Joined: Mon Dec 28, 2015 7:11 pm
Posts: 36

 Well, there isn't really any law that says a planet and moon have to have any particular size ratio, though the aforementioned Roche limit does set a minimum distance between the the two. So let's assume we have a Earth-like planet with a Mars-sized moon. The Roche limit would be somewhere between ~9000 and ~17000 km. With the lower limit a rigid body and the upper one for a fluid body. Thus we could easily put our Moon ~26,000 Km from the Earth and stay outside of the Roche limit. This is ~1/15 the present distance of the Moon. Mars has twice the diameter of the Moon, thus it would appear to be ~30 times larger in the sky then the Moon does now or have an angular size of 15 degrees. As a comparison, the Moon's apparent size is approximately equal to that of a US quarter seen from a distance of nine feet. Our hypothetical moon would have an apparent size equal to the same coin viewed at a distance of 3.6 inches. Another way to look at it is that the field of view for a 35mm camera is ~38 degrees, so this moon would take up ~39.5% of the width of a picture taken with this camera. This seems to be pretty close to the apparent size of the moon shown in the image you linked to. ( Assuming the picture was supposed to have been taken with that focal length of lens. If the shot were taken with a longer focal length, such as 50mm, then the FOV would have have been only 27 degrees, and our moon could have been smaller/further away and still appear as large in the image. This is a common photography trick; by shooting with a longer focal length, you can make bac ground objects appear larger in comparison to foreground objects.)That large a body orbiting that close would likely tidally lock the rotation of the planet to it.

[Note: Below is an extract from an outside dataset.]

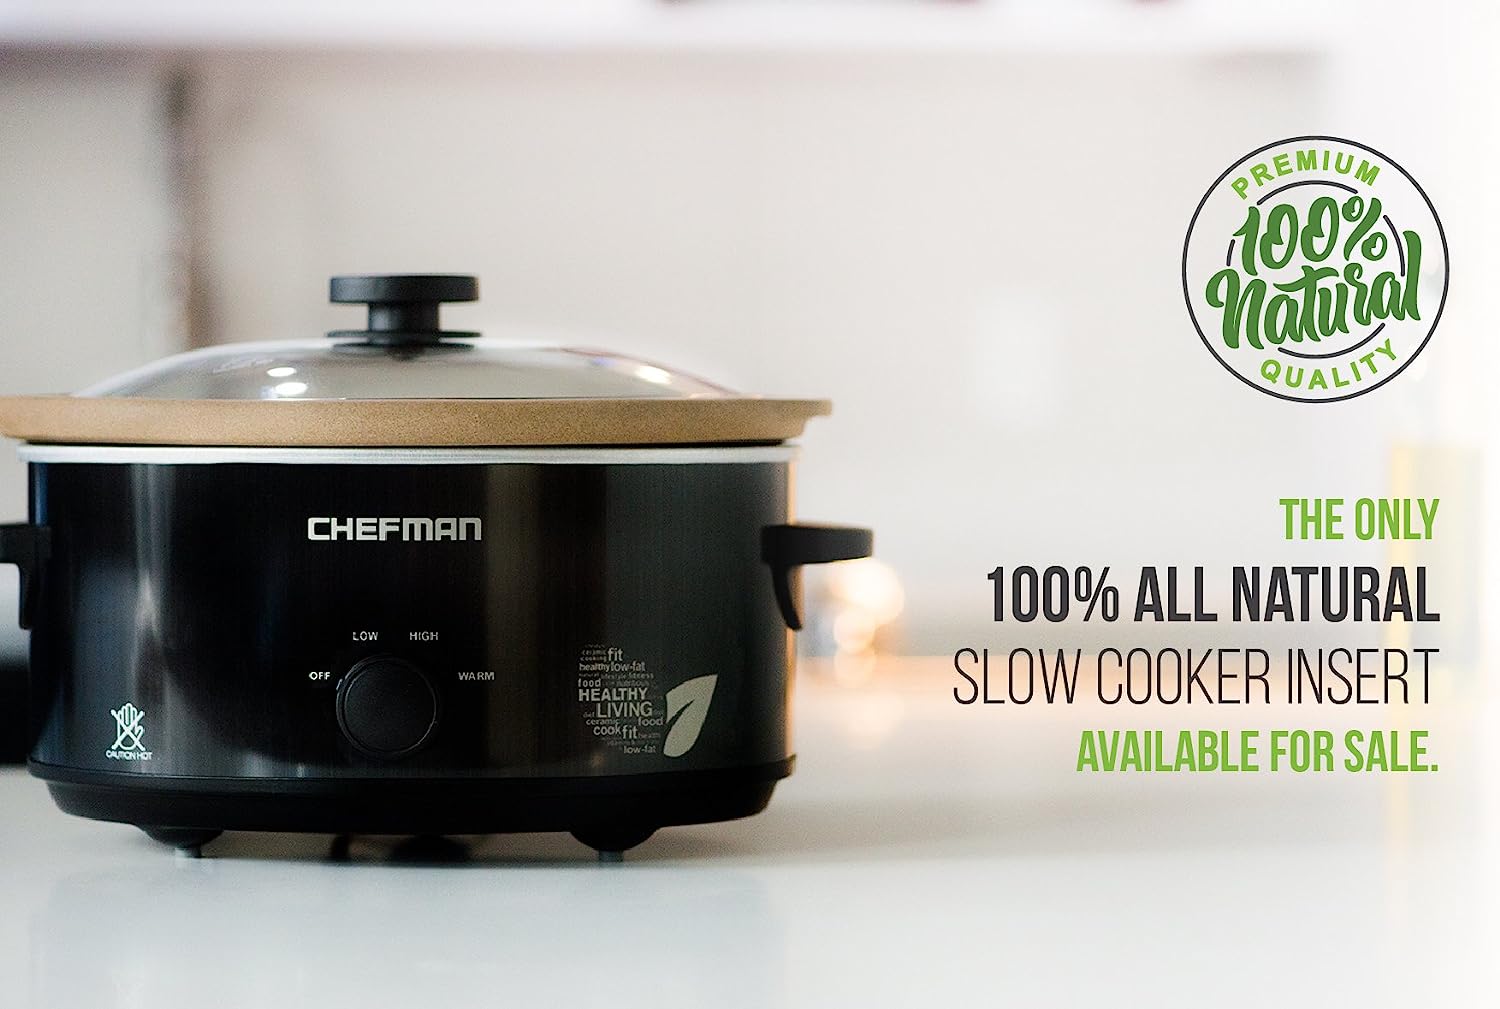 Chefman Triple Slow Cooker Review: Great for Meal Prep & Entertaining

At that distance we get a period of ~11 hrs, so that would also be the length of the day. In this case, being tidally locked is good thing in terms of the planet's habitability is concerned, as the tides caused by our moon would be huge, and having them fixed with respect to the planet would be good. (you would still have a daily tidal variation due to the planet's star.) And if 11 hrs still seems to short, there is no reason you couldn't have a moon that is even larger than Mars (which has only about 1/10 the mass of the Earth), then it could orbit further away, appear just as large and give you a longer day. Such a scenario would likely be rare, but I don't think impossible.
RickArcher
 Post subject: Re: Huge Moons / Planets in Sky  |  Posted: Wed Jan 11, 2017 10:13 am

Joined: Tue Jan 03, 2017 1:18 pm
Posts: 20

 Thanks very much for that extensive reply Janus. Much appreciated. So it could look that big? Wouldn't it be fantastic to see a view like that in the sky? Almost like being in outer space ourselves (at night) in a high orbit around the other body. I'm having problems with your second paragraph though - tidal locking. Do you mean that the rotation time of the Earth would be the same as the oribtal time of the moon, thereby meaning the moon would always be in roughly the same place in the sky, only one side of the Earth would be able to see the moon?
janus
 Post subject: Re: Huge Moons / Planets in Sky  |  Posted: Wed Jan 11, 2017 4:28 pm

Joined: Mon Dec 28, 2015 7:11 pm
Posts: 36

 RickArcher wrote:Thanks very much for that extensive reply Janus. Much appreciated. So it could look that big? Wouldn't it be fantastic to see a view like that in the sky? Almost like being in outer space ourselves (at night) in a high orbit around the other body. I'm having problems with your second paragraph though - tidal locking. Do you mean that the rotation time of the Earth would be the same as the oribtal time of the moon, thereby meaning the moon would always be in roughly the same place in the sky, only one side of the Earth would be able to see the moon?Yep. that's basically what it would mean.